Only the lines from the one containing "Pin by W wjl" through the final line below belong in the output, copied exactly and without pictures.

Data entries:
——

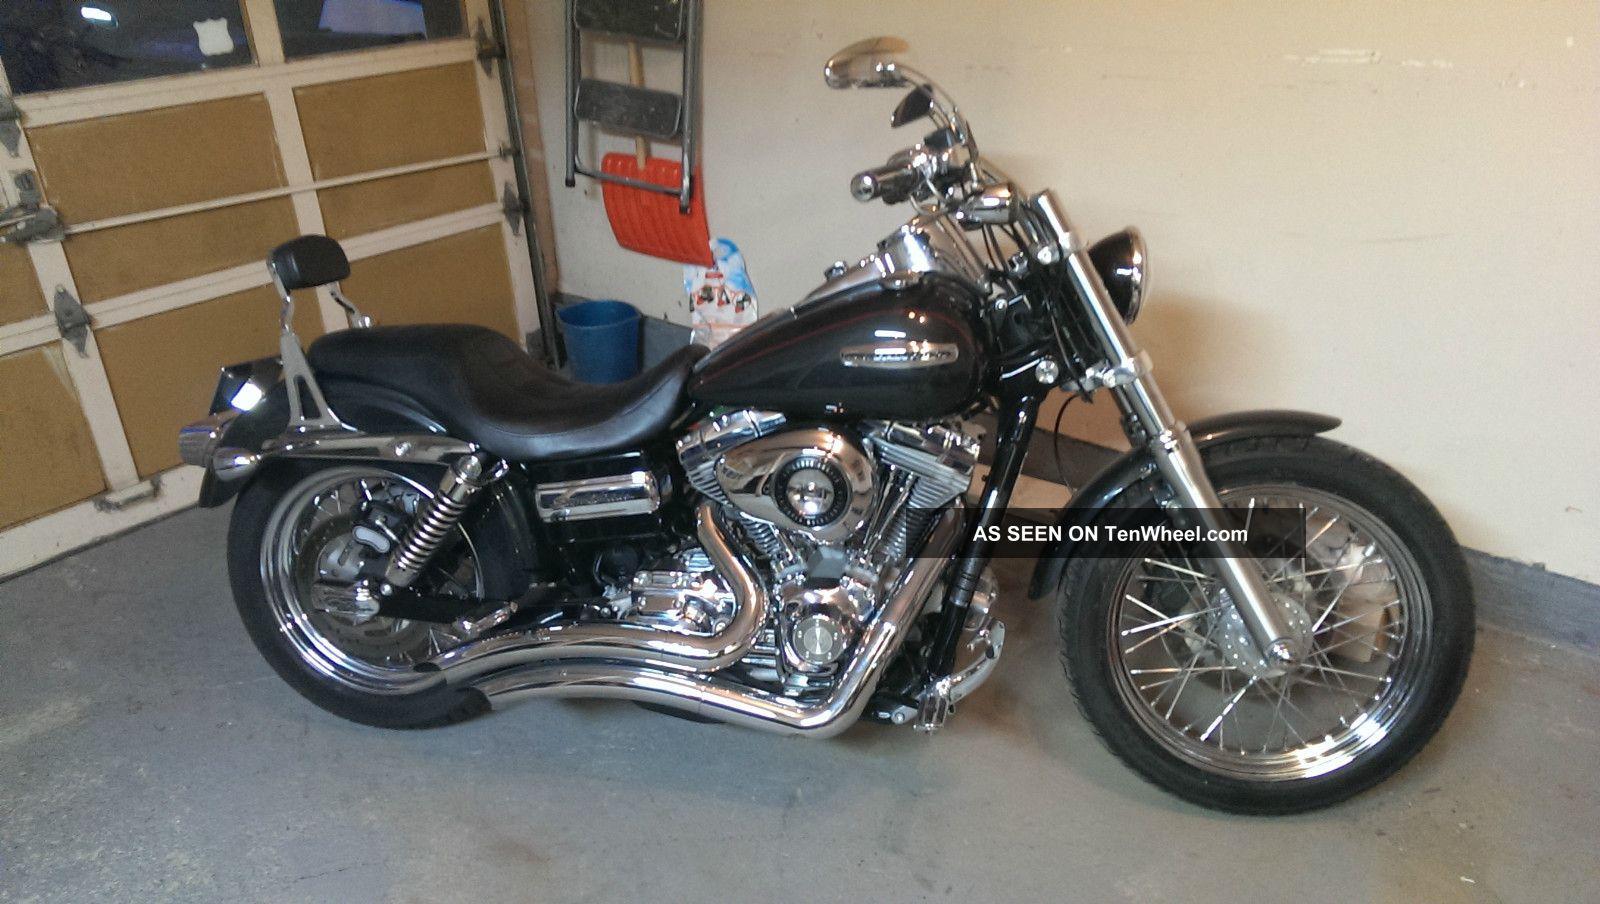 2008 Harley Davidson Dyna Glide Custom: 2008 Harley Davidson Dyna Glide Custom
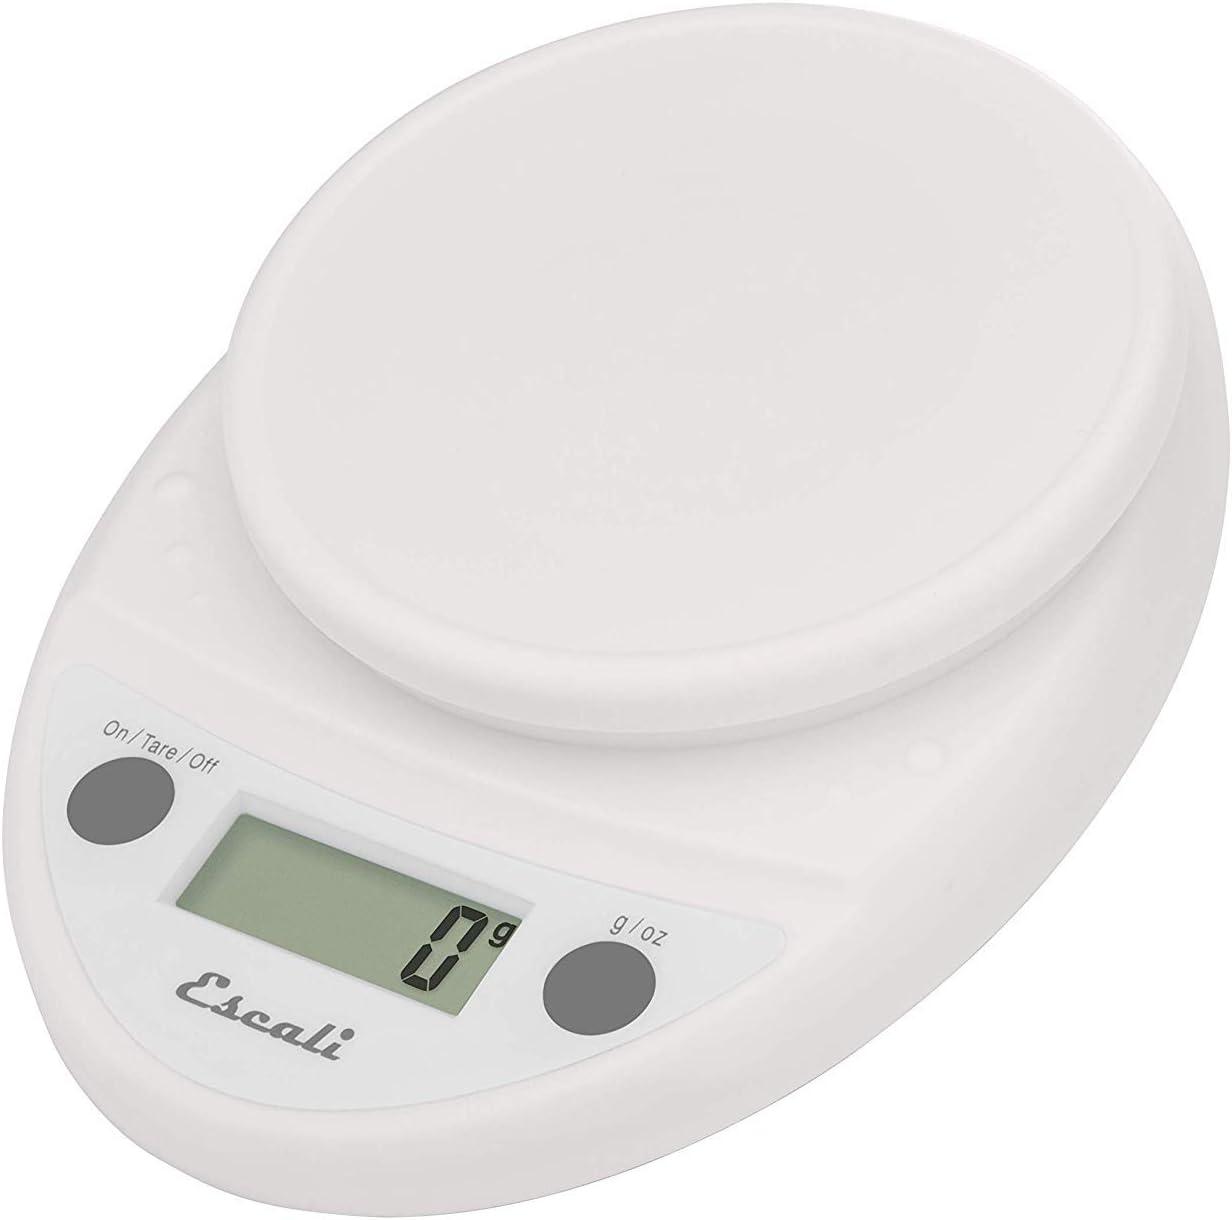 Amazon Com Escali Primo Lightweight Scale 8 5 X 6 X 1 5 Inches Soft White Digital Kitchen Scales Kitchen Dining
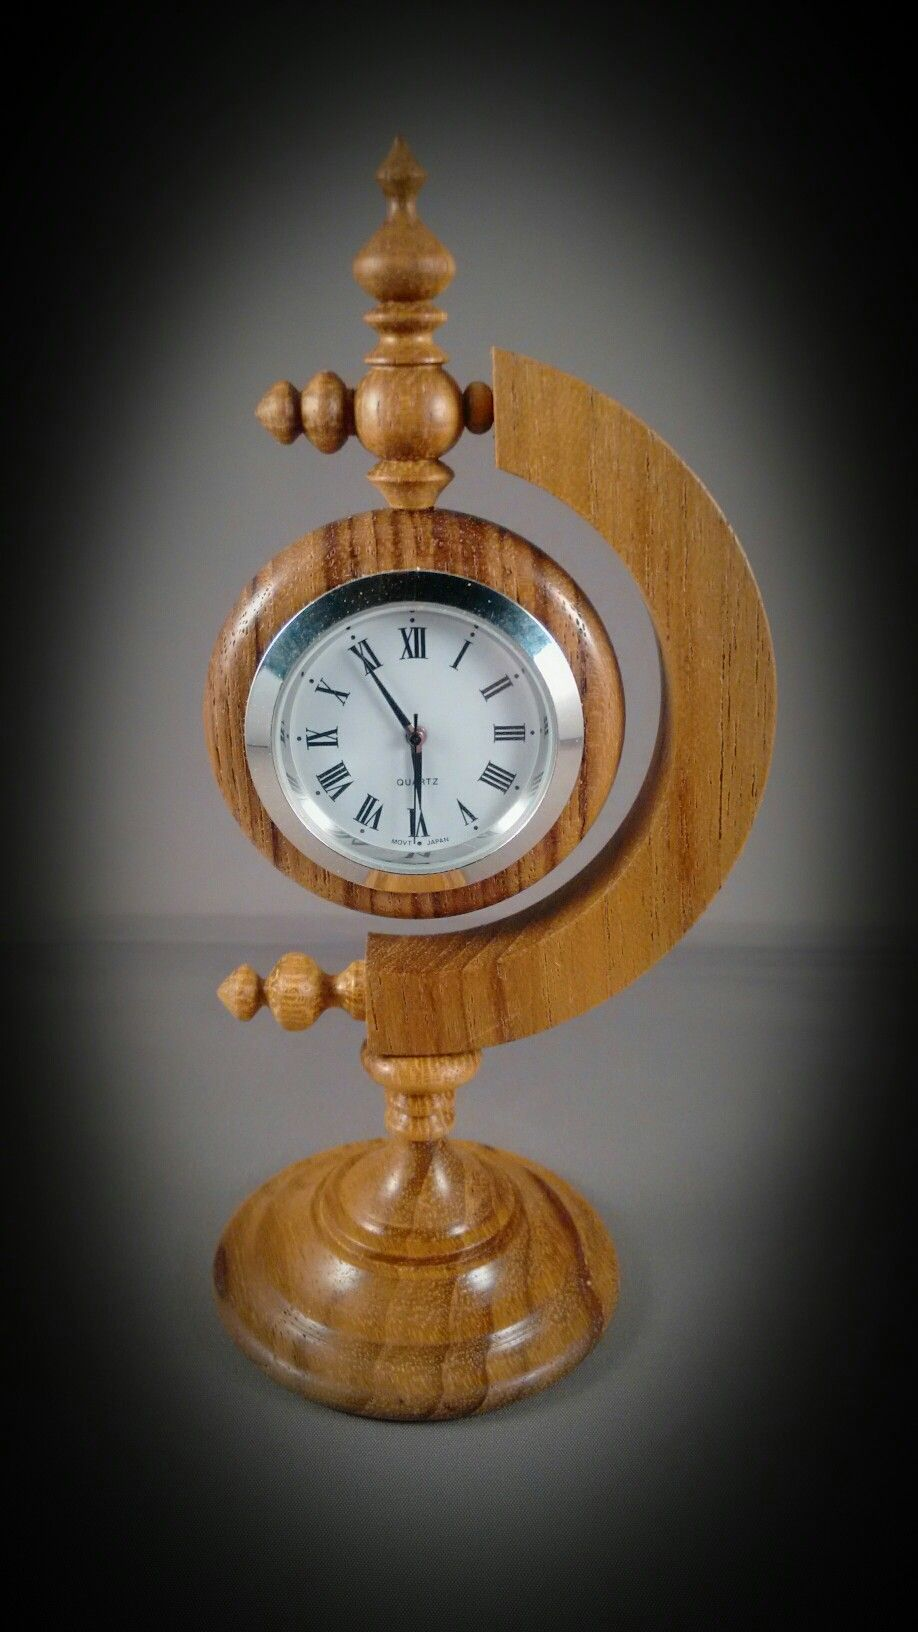 Pin by W wjl on Shop ideals Wood turning, Wood clocks
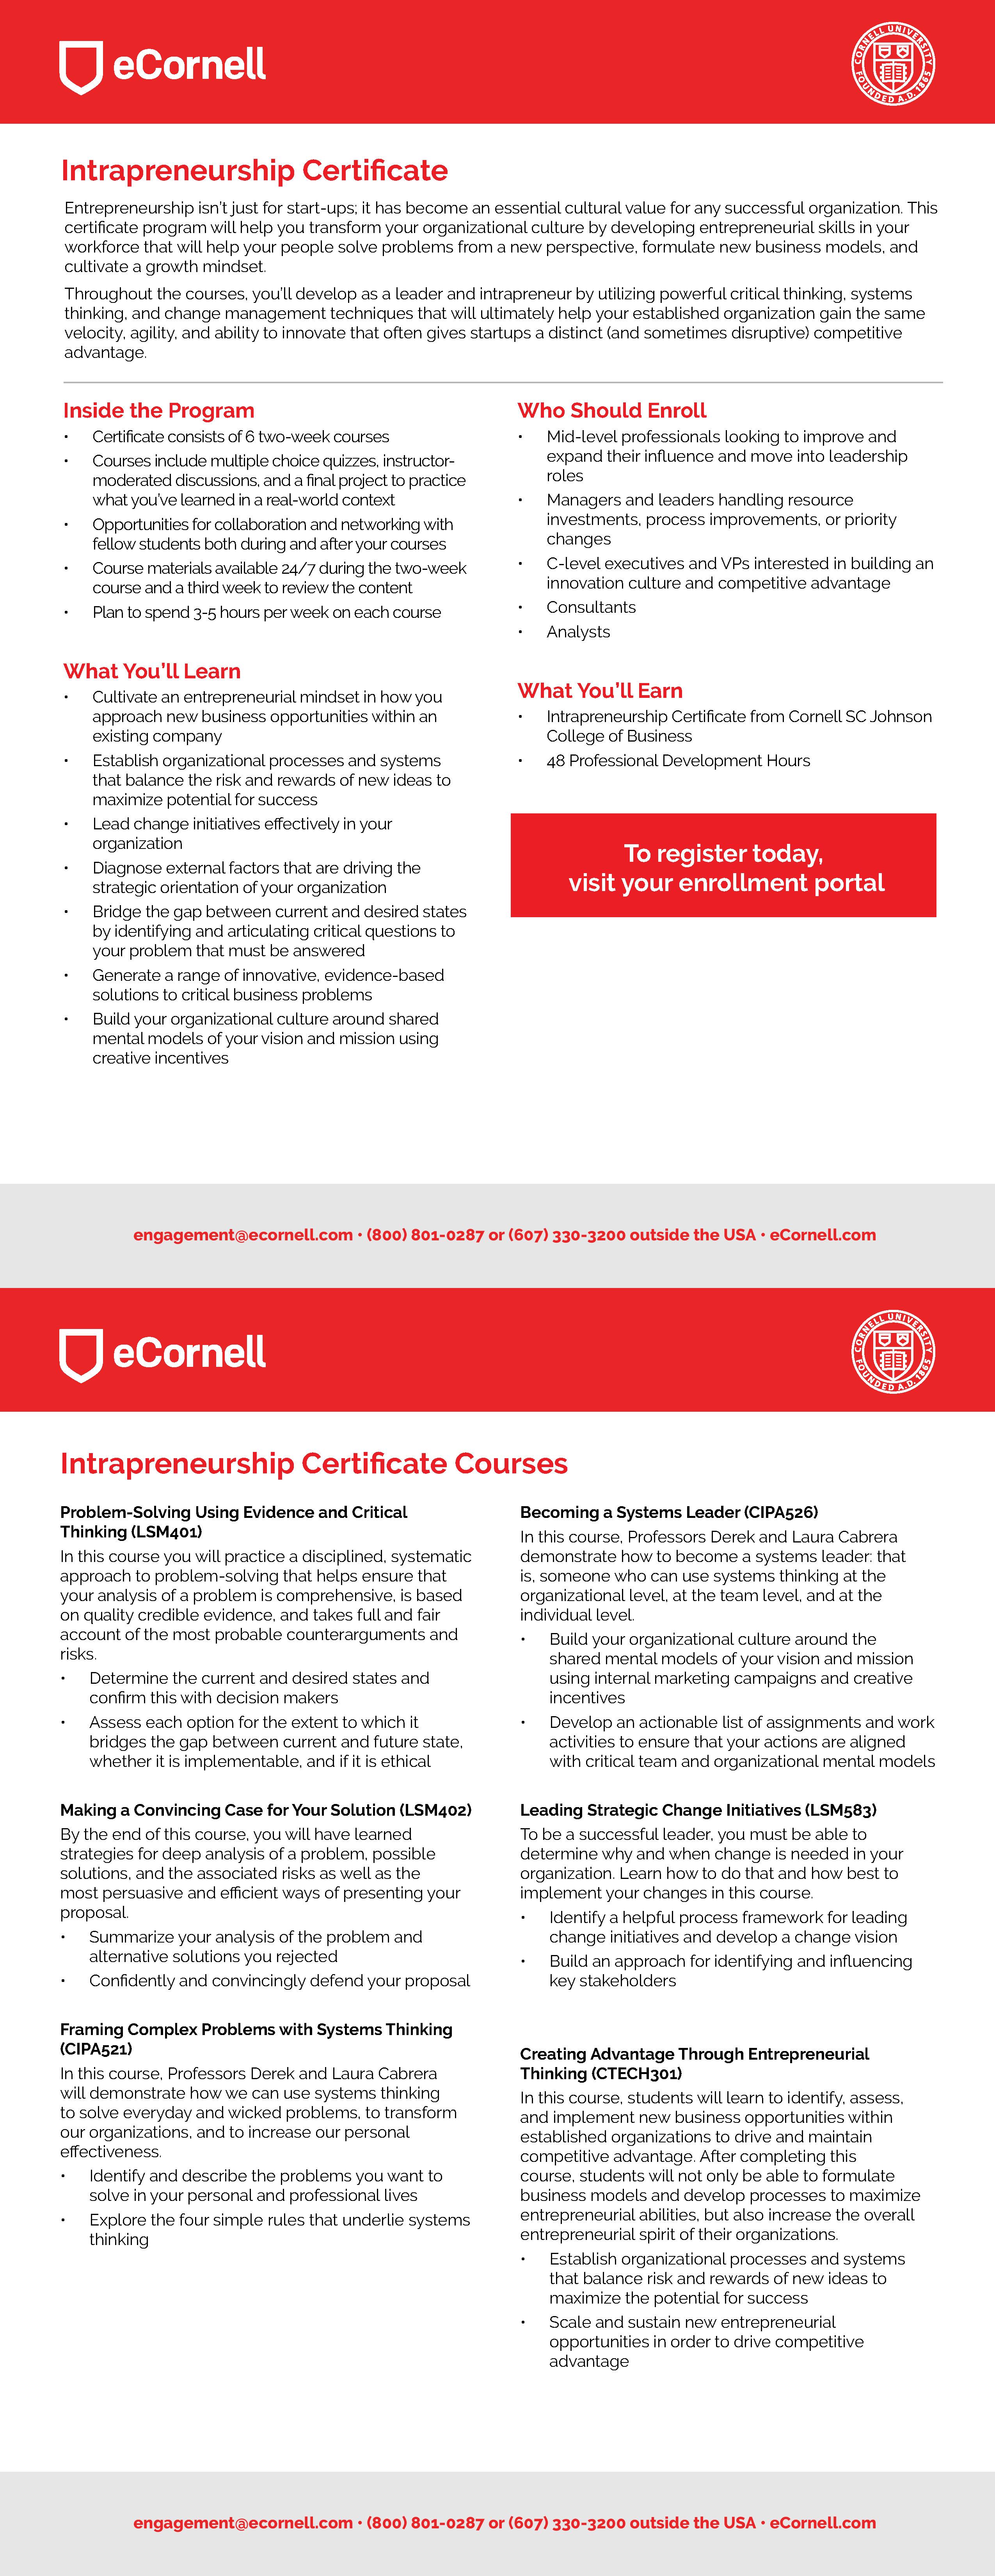 Intrapreneurship Flyer for Corporations
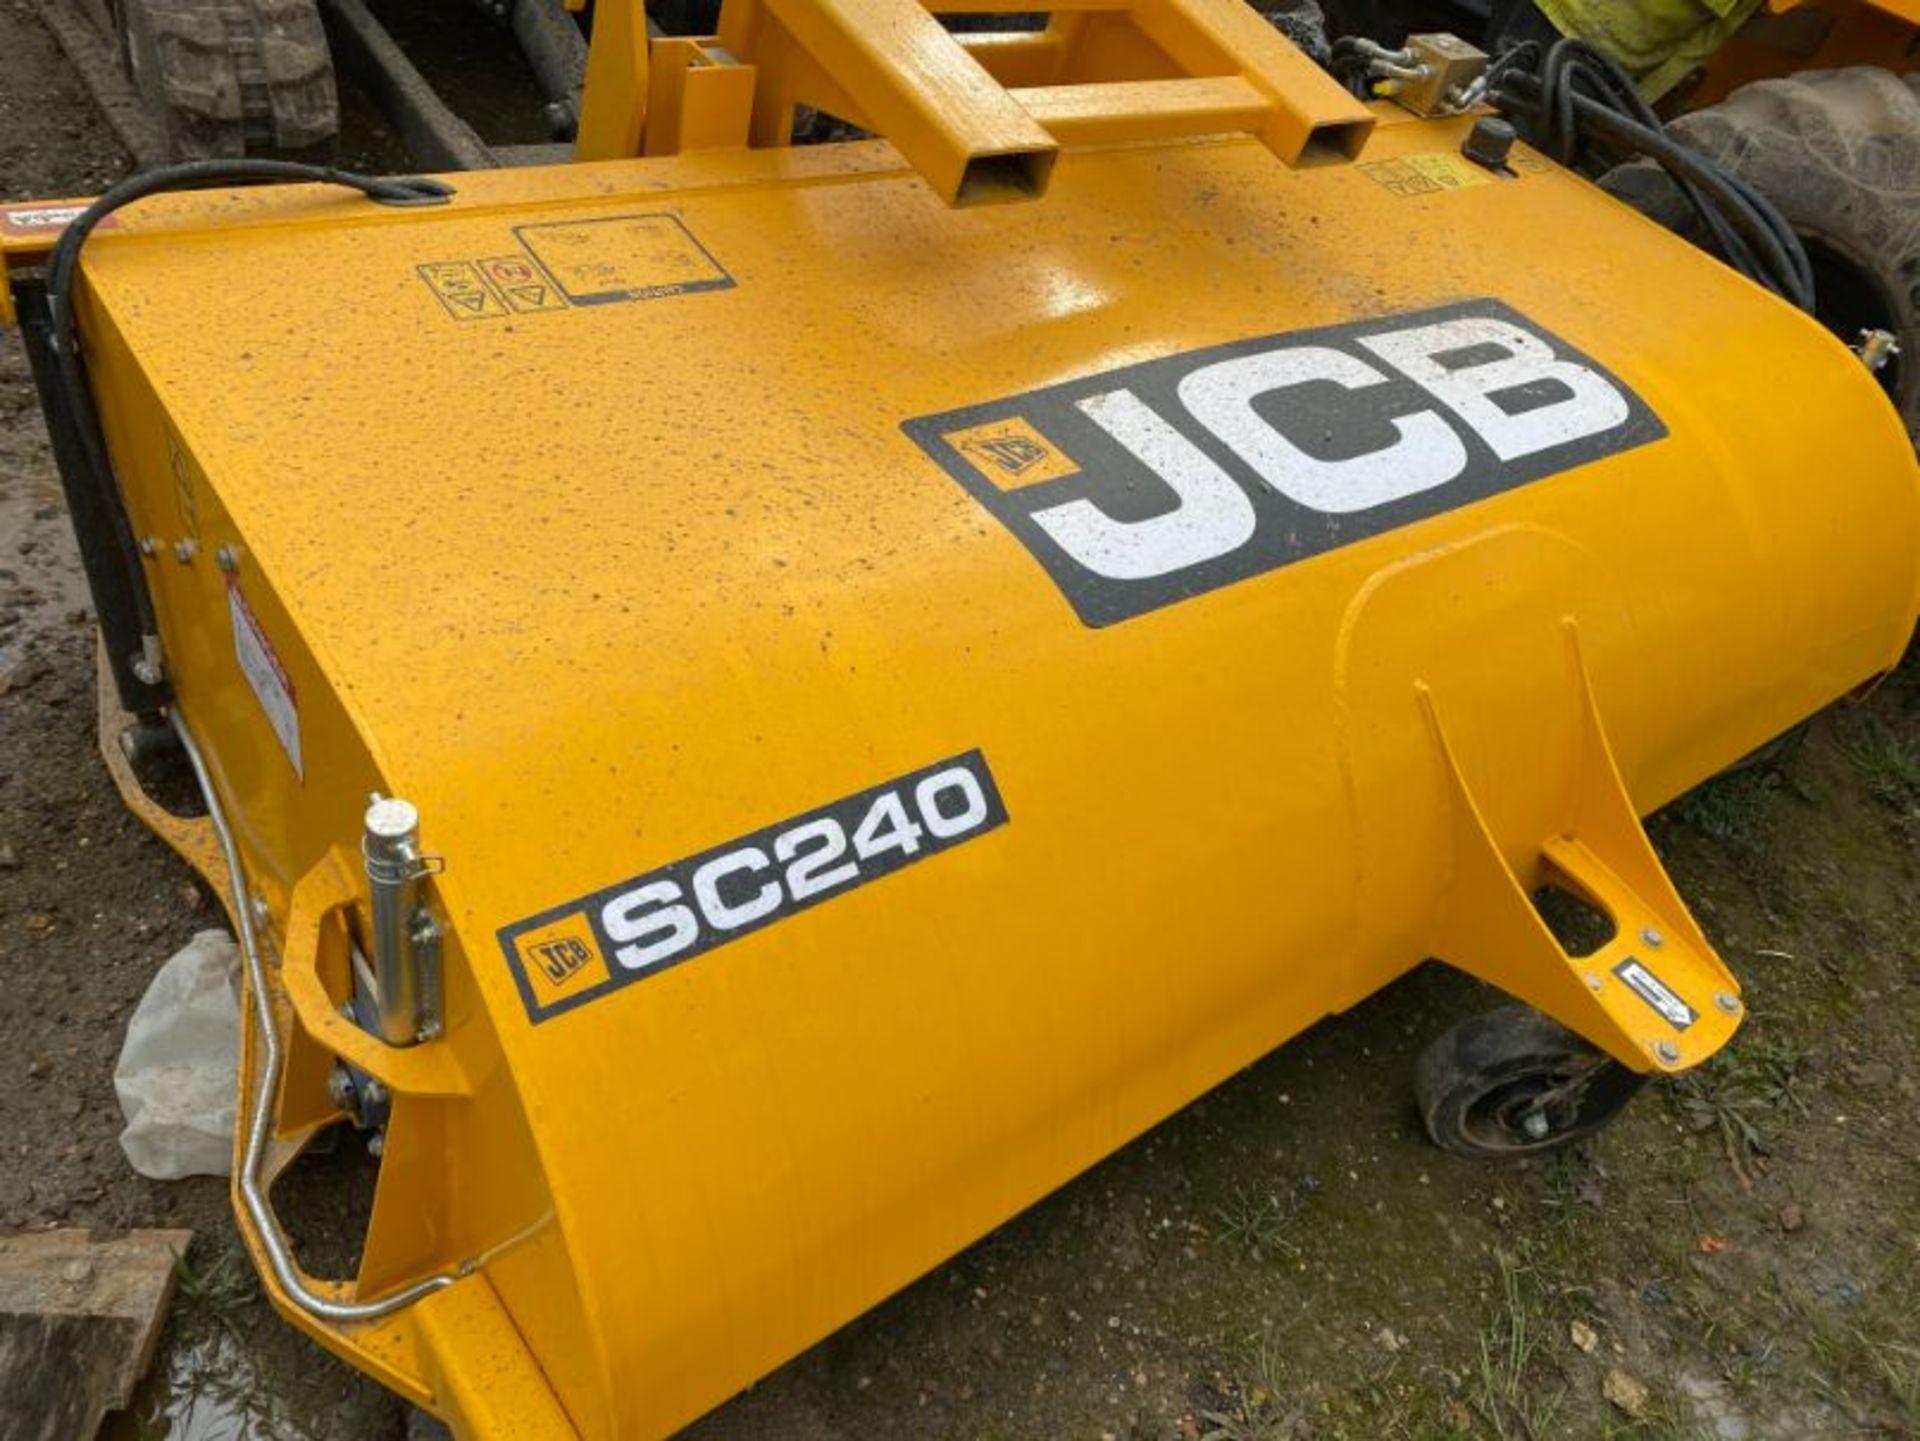 Lot 18 - JCB SC240 hydraulic sweeper/collector attachment: serial no: B0159635 (2019) - (delivered Feb-20)

——

The answer:
 Pin by W wjl on Shop ideals Wood turning, Wood clocks
 Intrapreneurship Flyer for Corporations
 Lot 18 - JCB SC240 hydraulic sweeper/collector attachment: serial no: B0159635 (2019) - (delivered Feb-20)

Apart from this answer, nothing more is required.